Weekly “game nights,” hosted at your house or at a community center, complete with pizza or other snacks are an excellent way to introduce children with spectrum disorders to social environments. It is important to remember guideline number two in choosing games: select games the child will want to play. Invite “neuro-typical” children to the game nights as well. I have found that there are many kids out there (and parents) who are even willing to take a night off the XBOX to good, old fashioned games.

Facilitated drama groups are a natural extension of the scripted social interactions introduced in role-playing games. Drama requires children to become aware of body language, gesture, eye contact and vocal inflection that contains social information that may not be conveyed verbally. Since acting involves scripts and coaching from the “director,” the child gets to practice and rehearse social interactions. And while these “scripts” themselves may not transfer to natural social situations, the awareness of non-verbal communication and body language often does. I have worked with many children with high-functioning autism and Asperger’s Syndrome who say that they have learned to “pretend to be social” through drama and role playing. I recommend the book, “Teaching Asperger’s Students Social Skills Through Acting: All Their World Is a Stage!” as a starting point for parents or therapists who are interested in starting a drama group.

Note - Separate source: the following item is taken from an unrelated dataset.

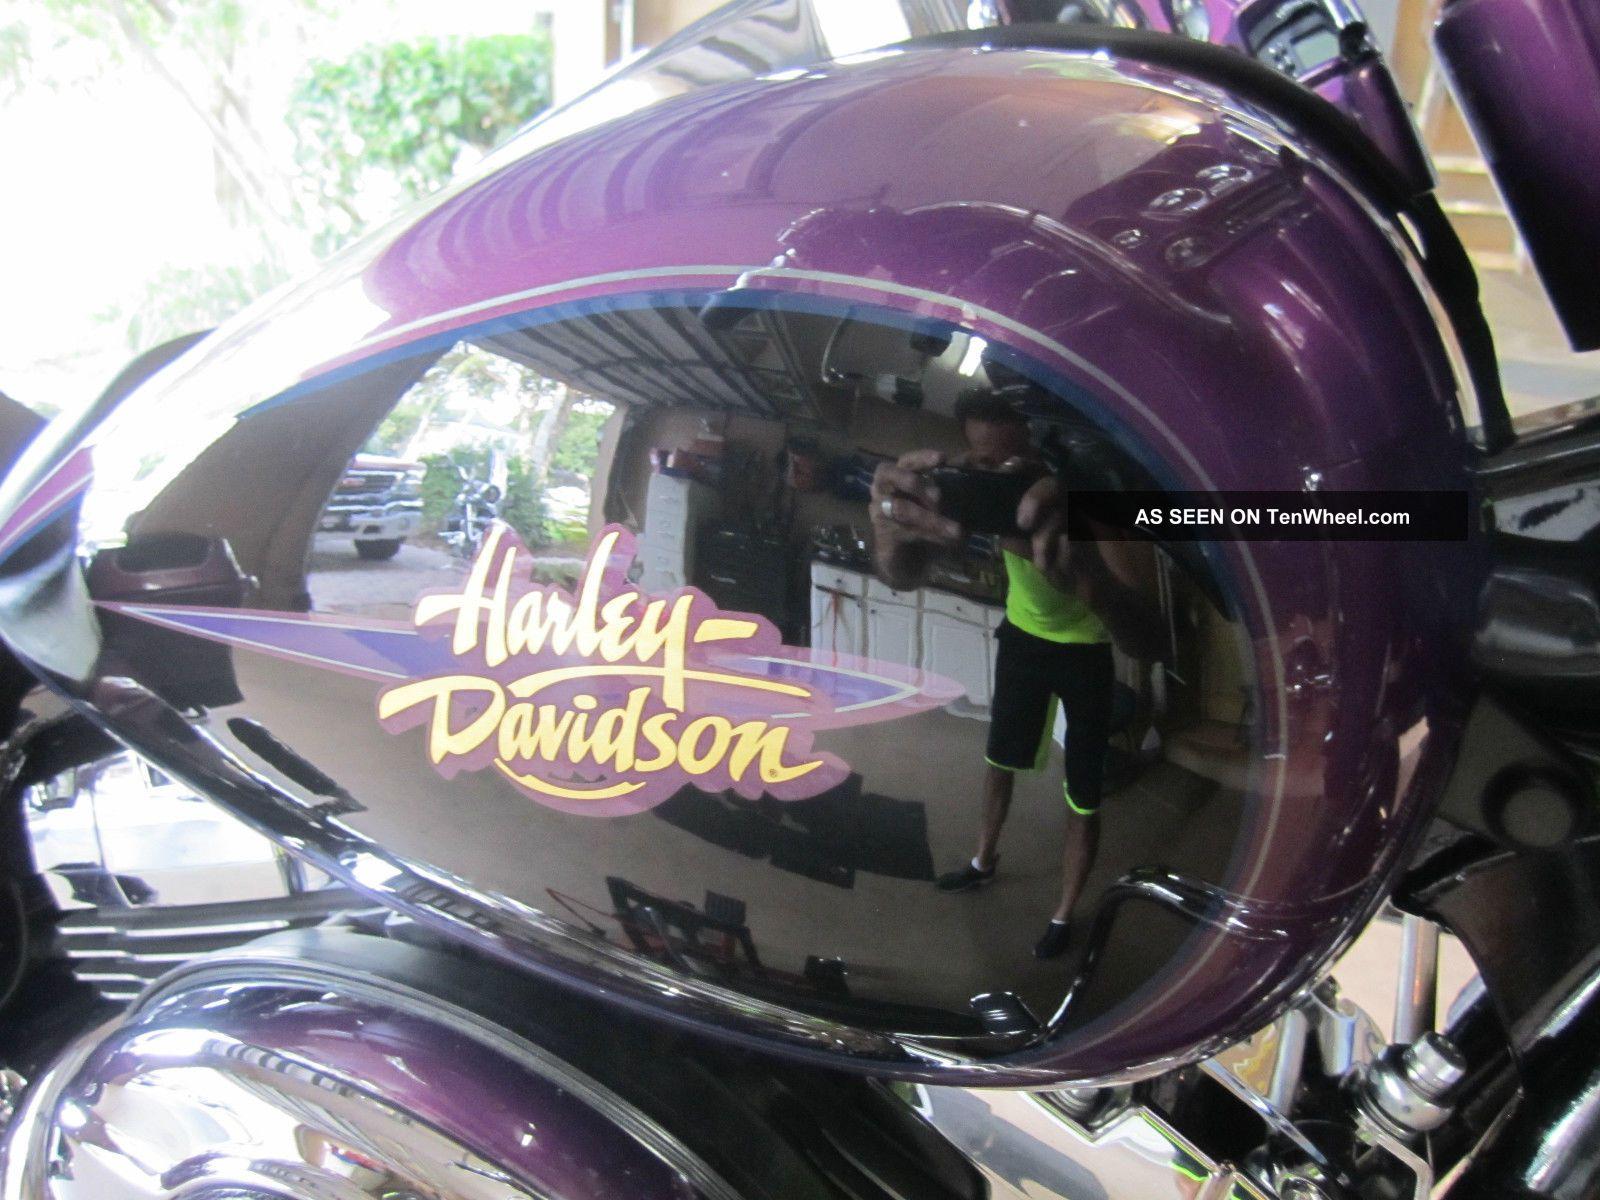 2011 Harley - Davidson Flhx Street Glide Special Ordered H

Sports are often challenging for “neuro-diverse” children. Motor coordination and “social coordination” are required for success in team-based sports. Add to this the difficult sensory environment of a loud and echoing gym and a teacher or coach yelling lots of complex verbal directions for motor behaviors. It is little wonder that many children on the spectrum prefer to avoid group sports. By removing any or all of the obstacles described above, it is possible to interest neuro-diverse children in sports. Solo sports, like swimming, dance, and martial arts reduce the demand of social coordination and are often opportunities for the child to become successful in a physical activity. Small group sports that are held outside with a teacher or coach familiar with the challenges of following verbal instruction and sensory overload can introduce the child to social sports in a manner that is not overwhelming.

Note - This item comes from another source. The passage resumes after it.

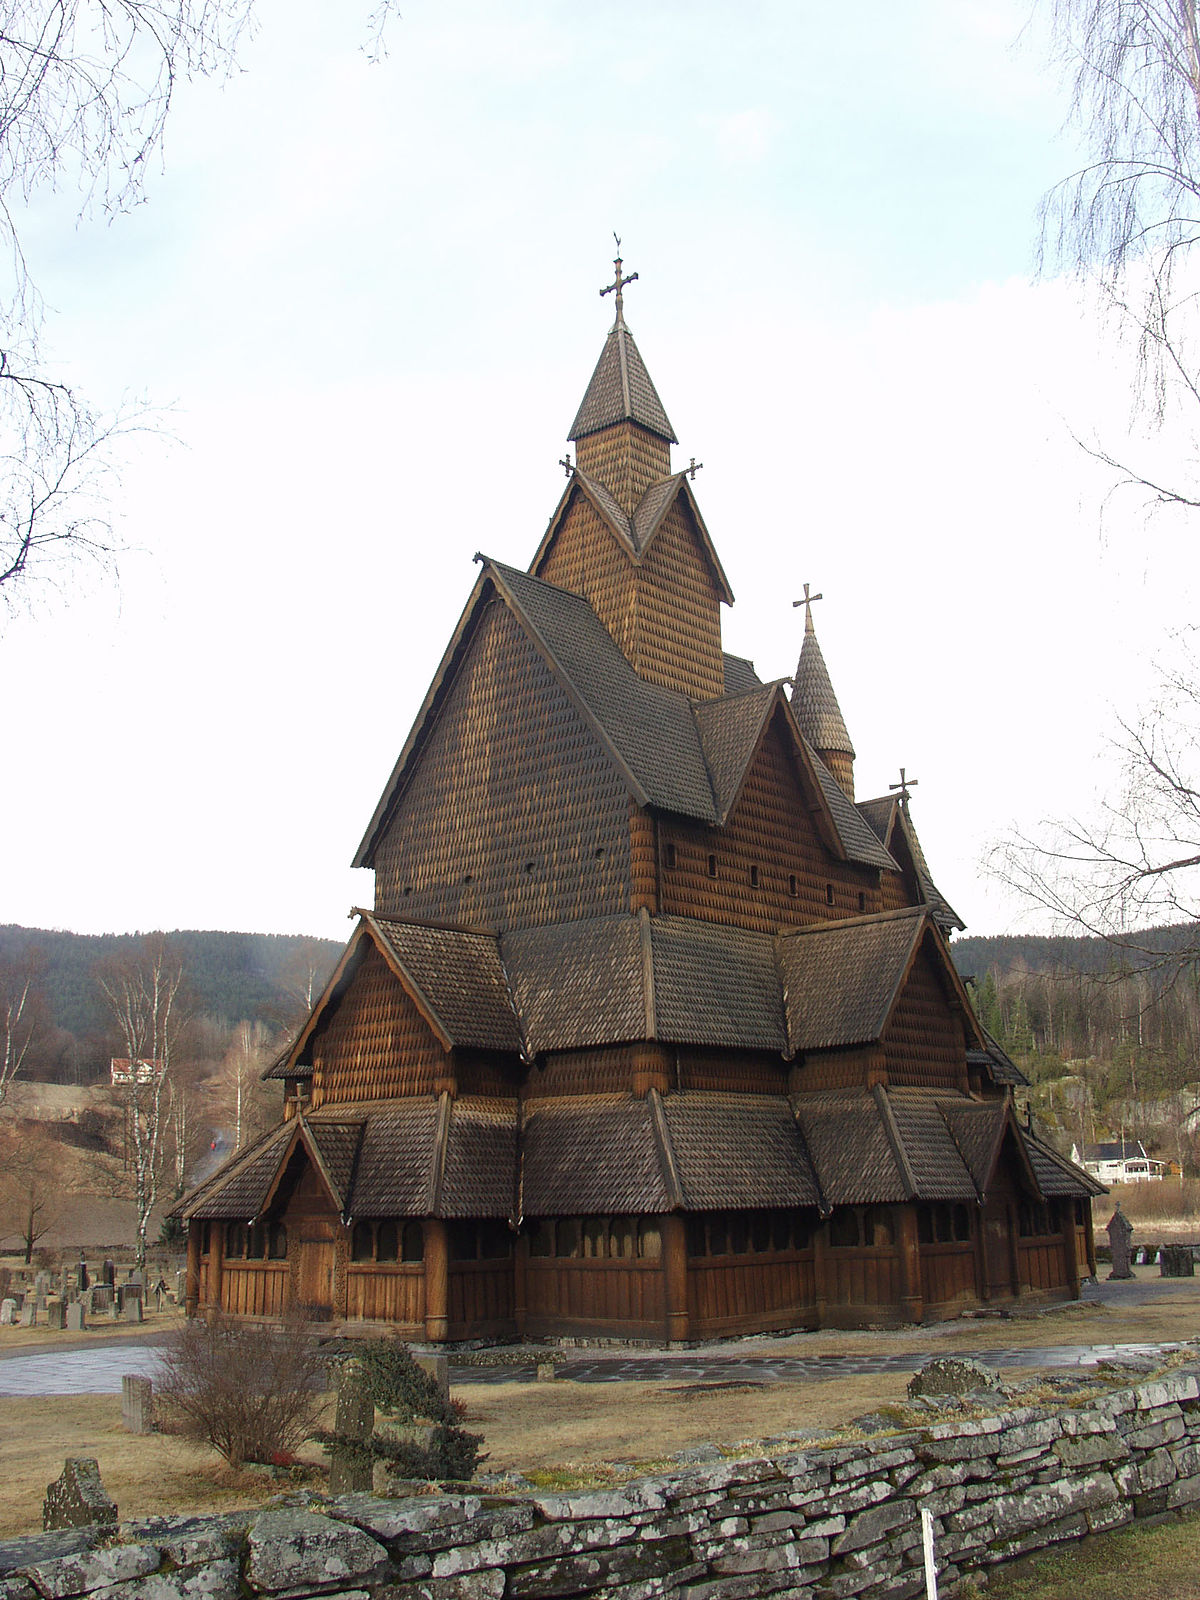 stavkirker i norge kart Liste over stavkirker i Norge – Wikipedia stavkirker i norge kart

Over the lifespan, social skills are by far the most important thing we can teach neuro-diverse children. Learning from peers, holding a job, and finding friends and a life partner are far more important than memorizing quadratic equations and diagramming sentences. By moving from structured (adult-led) to unstructured (child-initiated) activities that are based on the child’s interest, children with autism spectrum disorders can gradually learn and develop the social skills that will open doors for the rest of their lives.